▶ **Dataset content**:
##############################

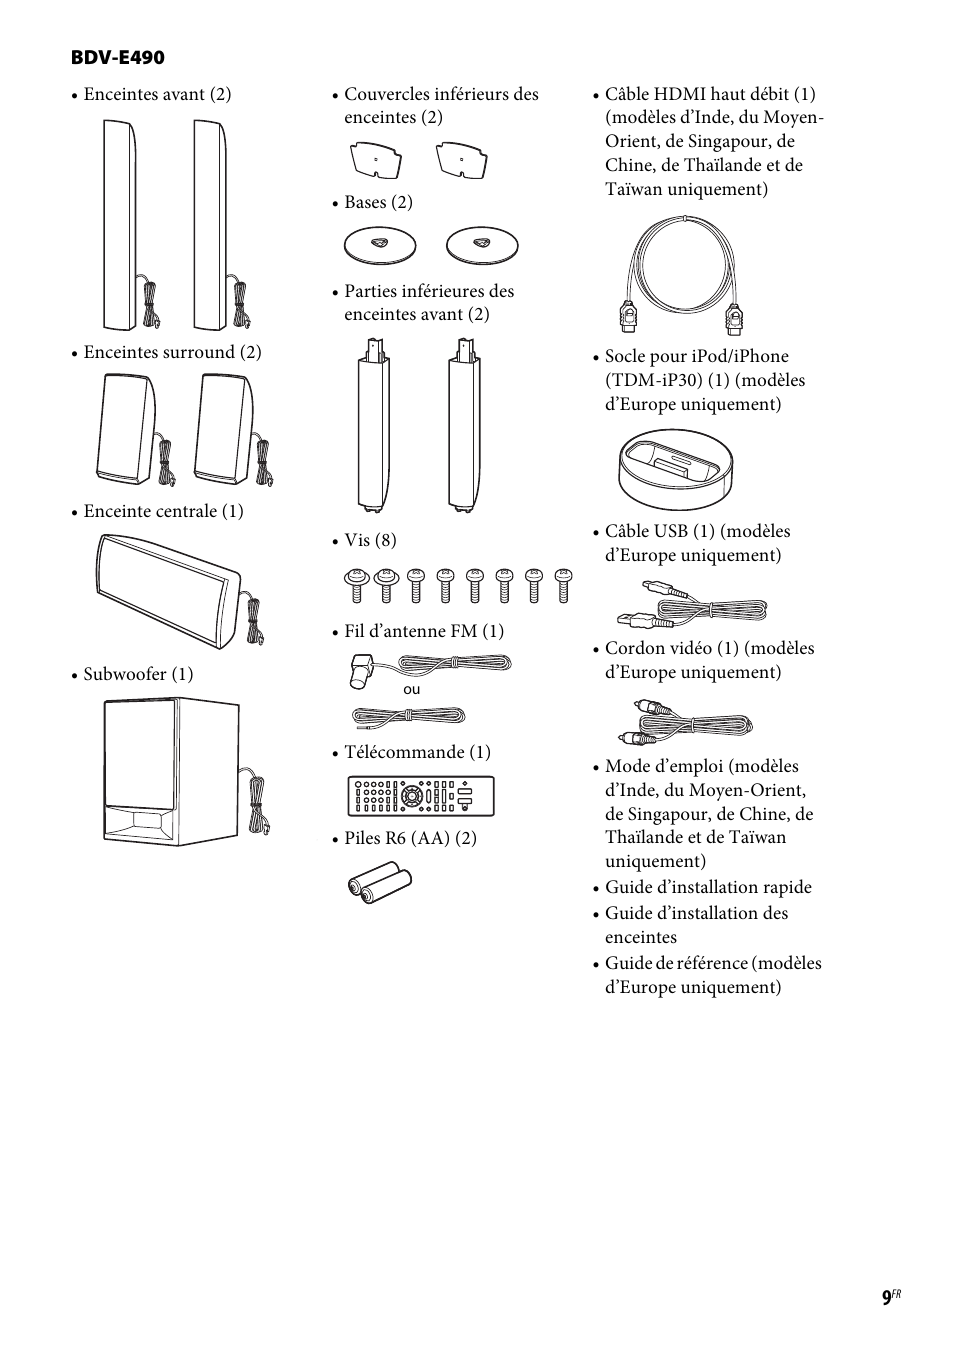 Sony BDV-E190 Manuel d'utilisation | Page 9 / 60
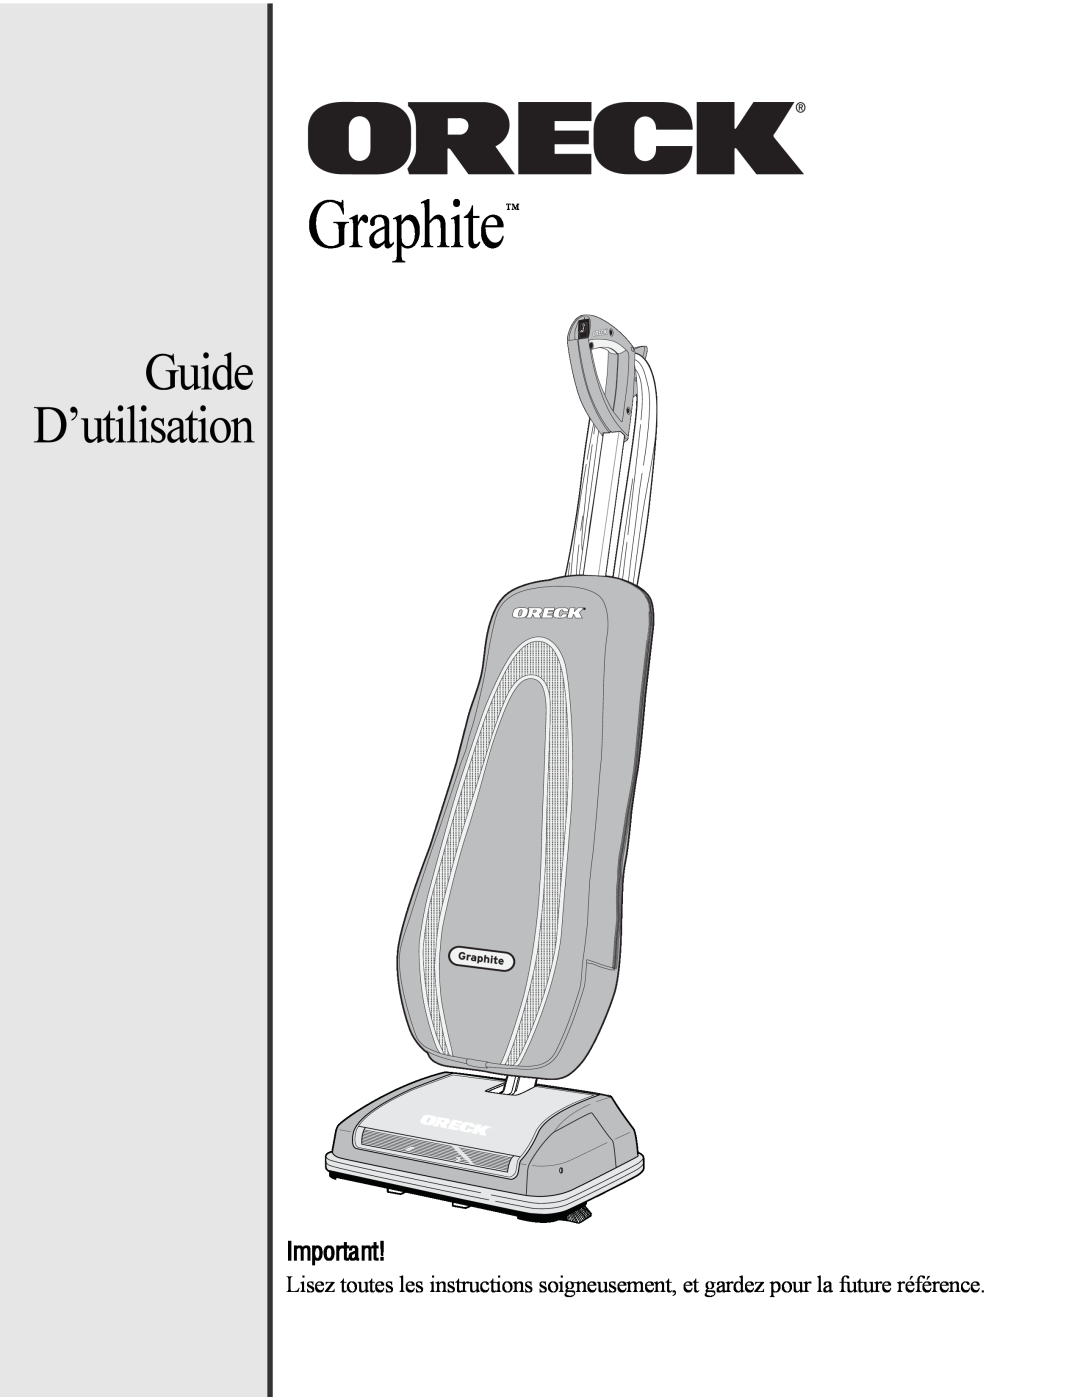 Oreck U4300 manual Guide D’utilisation, Graphite 
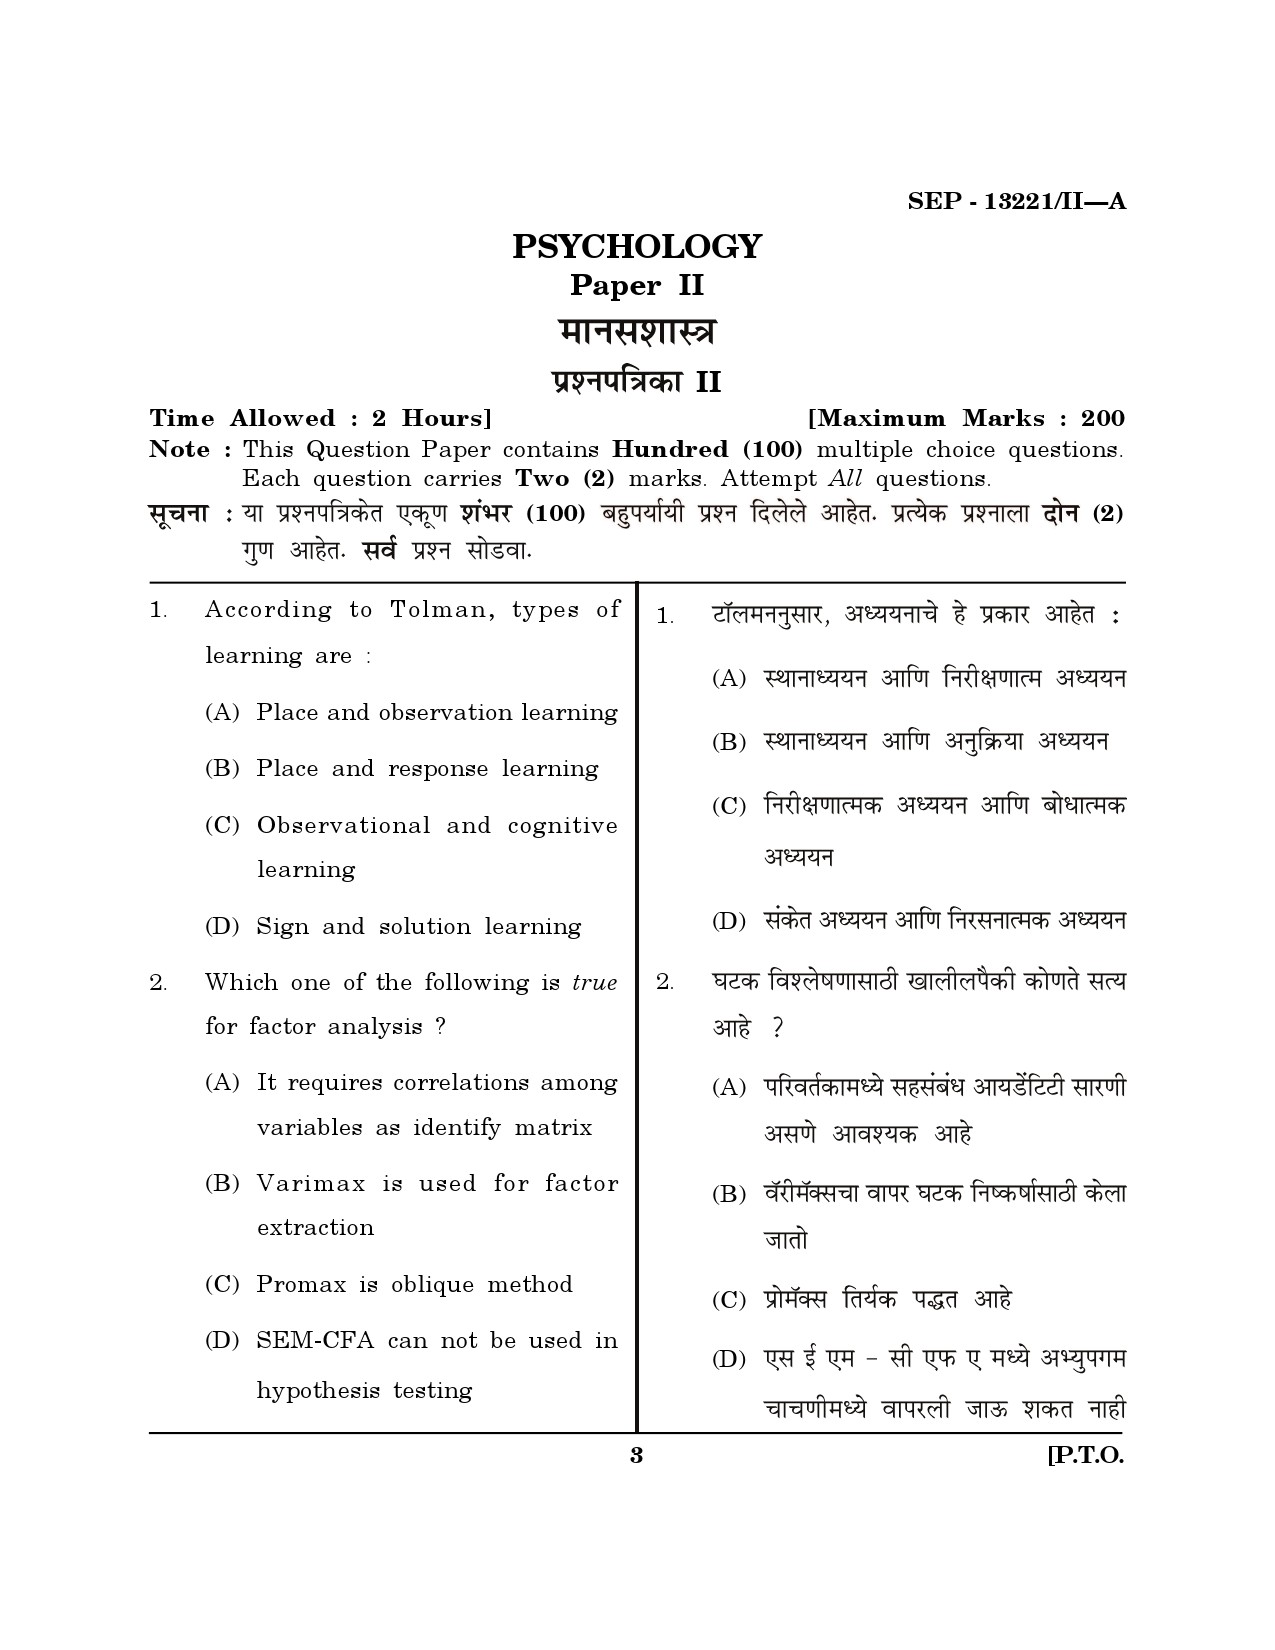 Maharashtra SET Psychology Exam Question Paper September 2021 2
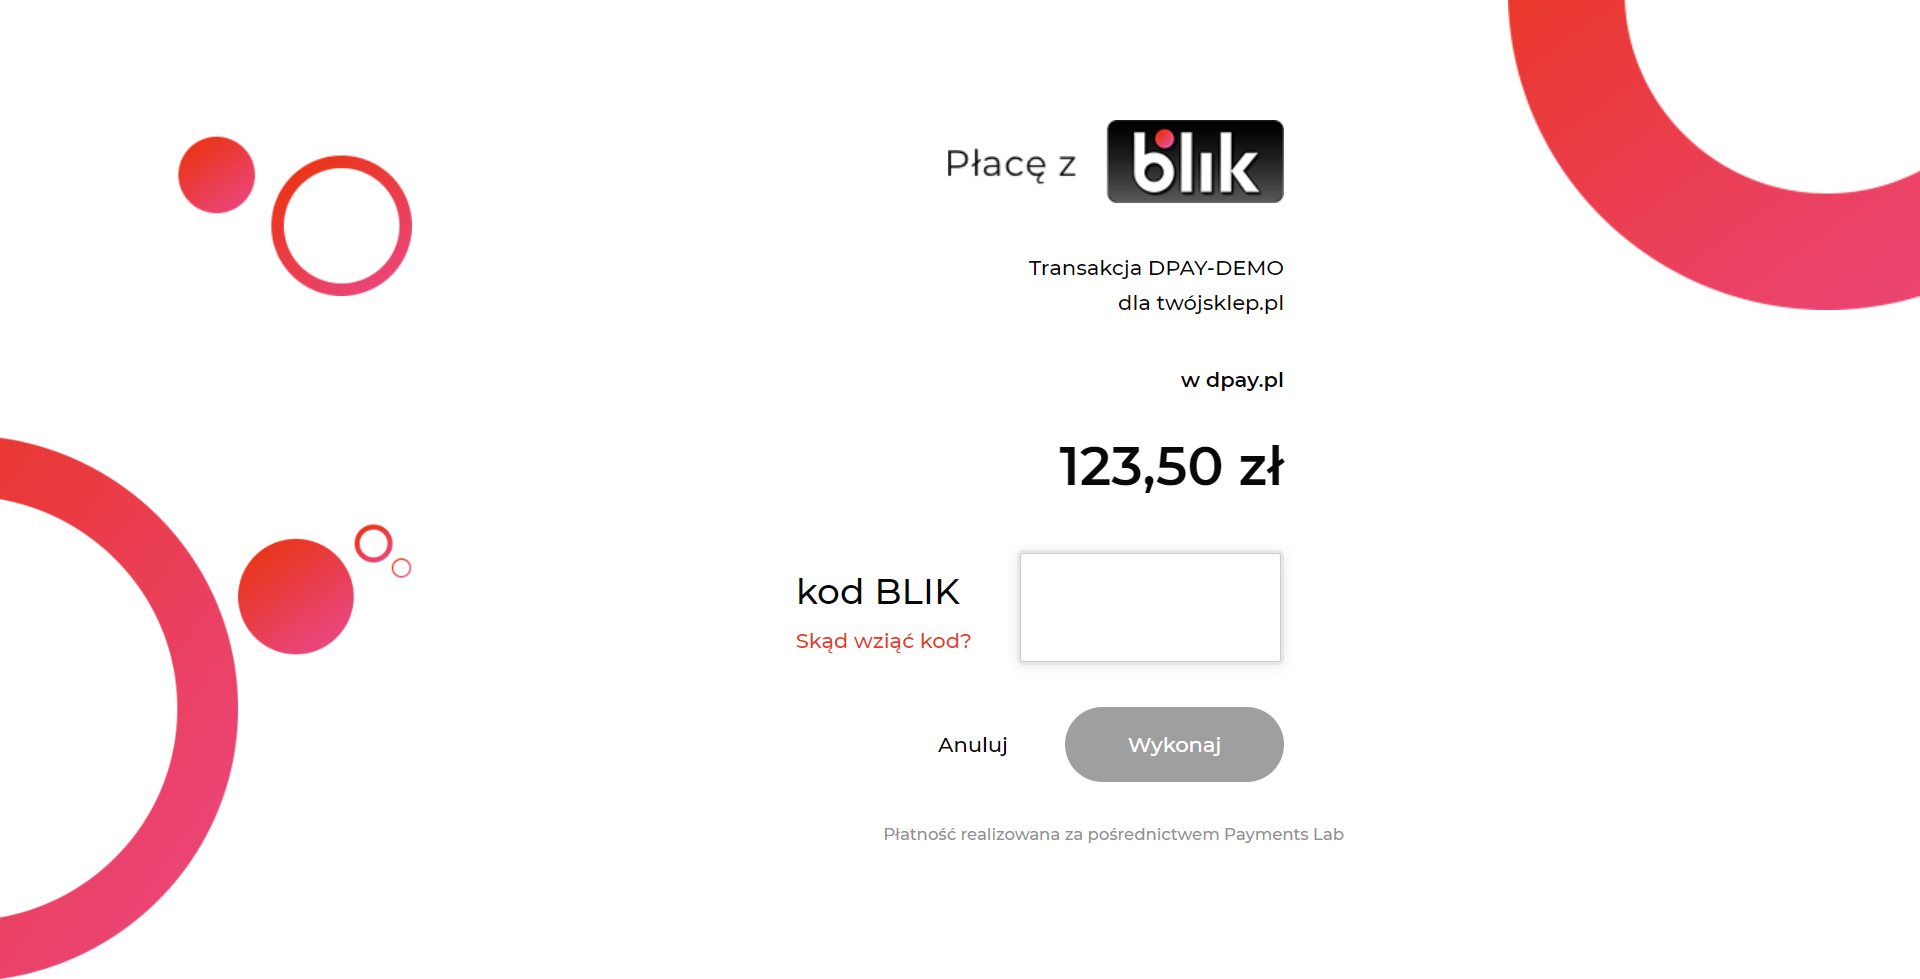 blik transaction website image

##############################

▶ **Task to complete**: Everything in the listing, except its images, should be set down exactly.

▶ **Answer space**:
 Sony BDV-E190 Manuel d'utilisation | Page 9 / 60
 Oreck U4300 manual Guide D’utilisation, Graphite 
 Maharashtra SET Psychology Exam Question Paper September 2021 2
 blik transaction website image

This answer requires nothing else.